Nada disso importa porque é o suficiente para a luz envolto que tudo fique suspenso; como se não houvesse consequências por uma semana. Durante este período, o boicote é esquecido, a indignação política desvanece-se e a estética poligonal do “relatório anual” cobre tudo com uma camada de euforia geral. É difícil resistir: se todos publicarem seus diapositivosComo você vai ficar longe? Ele envolto Isso ativa a identidade FOMO, da qual a participação é quase obrigatória para evitar parecer fora de sintonia com a realidade. E esta pressão social só beneficia a empresa: milhões de utilizadores criam publicidade gratuita, milhões de artistas agradecem por cargos que, em muitos casos, mal compensam meses de instabilidade. Quem ousa não perceber quando o resto do ecossistema se comporta como se este fosse um verdadeiro evento cultural e não uma operação memética destinada a continuar a distrair a nossa atenção?
“Os anúncios do ICE estão circulando alegremente na plataforma entre listas de reprodução para adolescentes, enquanto, paradoxalmente, Bad Bunny encabeça a lista dos artistas mais ouvidos do serviço”
envolto Revela também outra coisa, ainda mais perversa: a facilidade com que concordamos em delegar a nossa experiência e memória ao painel de controlo. Costumávamos relembrar o nosso ano musical através de conversas, concertos e notas manuscritas. Esperamos agora que a interface nos mostre o que nos motiva, embora saibamos com certeza que as métricas são manipuladas e favorecem a repetição em vez do impacto, ou os hábitos passivos em vez da escolha consciente.

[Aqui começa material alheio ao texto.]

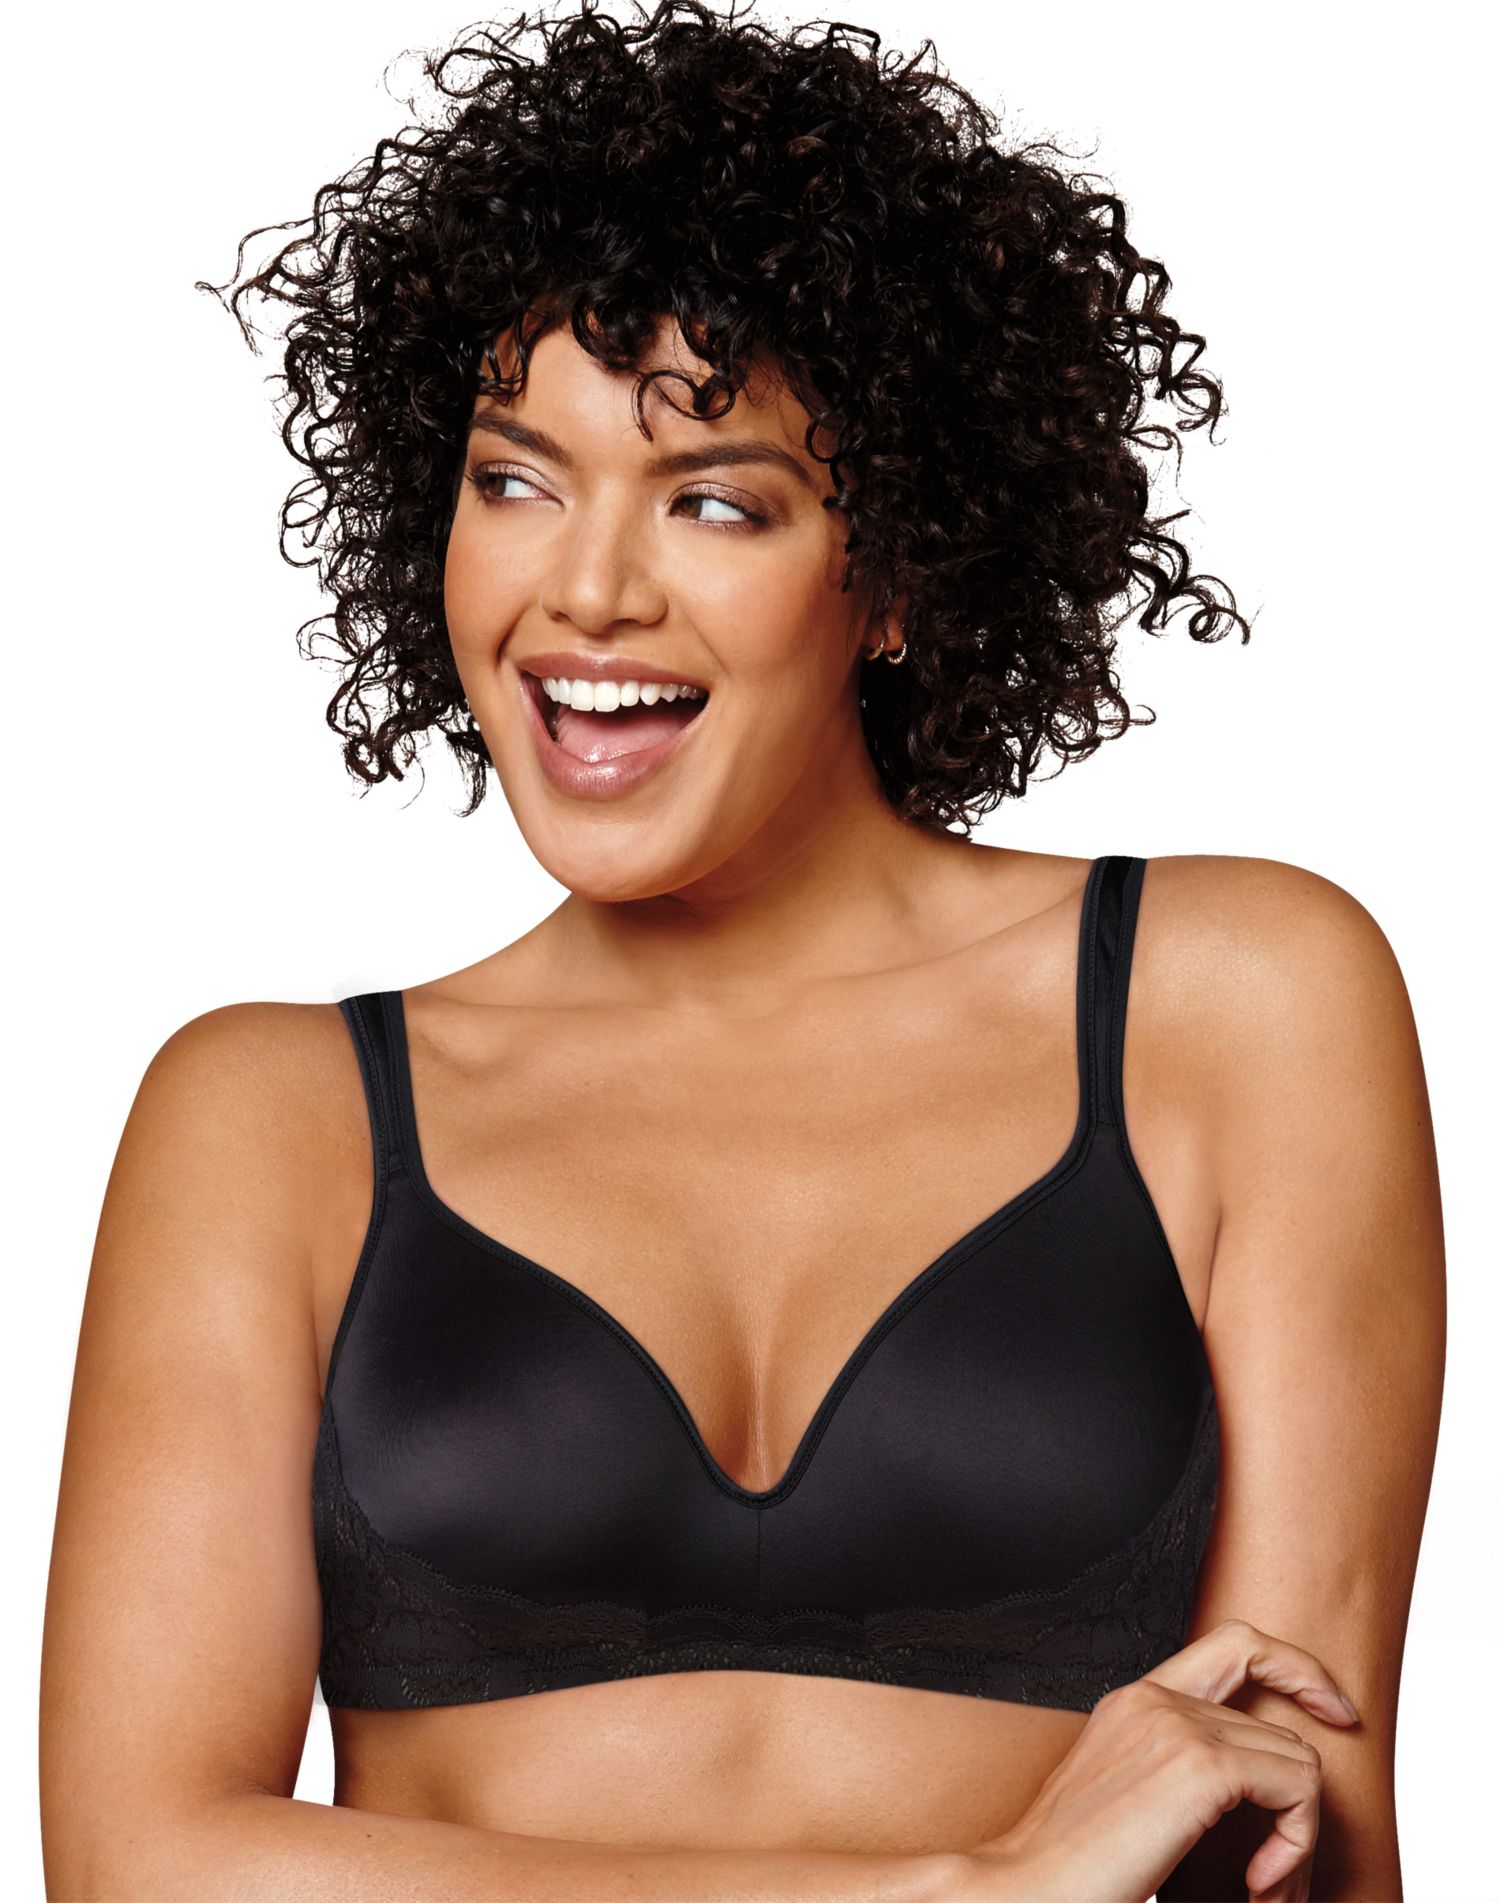 JMS Shaping Comfort Lace Wirefree Bra

Confetes, mensagens dos seus artistas favoritos que simulam intimidade, fontes móveis e, segundo a própria plataforma, muita variedade. “Ninguém envolto “É a mesma coisa”, você ouve ali. Uma história encantadora que nos faz sentir diferentes dos demais. Mas como pode o Spotify falar sobre diversidade quando o seu próprio modelo algorítmico tende a homogeneizar, priorizar a funcionalidade e, em última análise, marginalizar o local? Qual é o sentido de comemorar o seu vértice 5 enquanto investem em sistemas que podem substituir os mesmos artistas por conteúdos sintéticos mais baratos?
O famoso Wrapped cria a ilusão de uma cultura vibrante apoiada por uma comunidade global, quando a realidade é muito diferente: não só aceitamos que a nossa vida sonora caiba num relatório corporativo, como acabamos por reforçar a perigosa ideia de que a música que importa é a única que pode ser medida.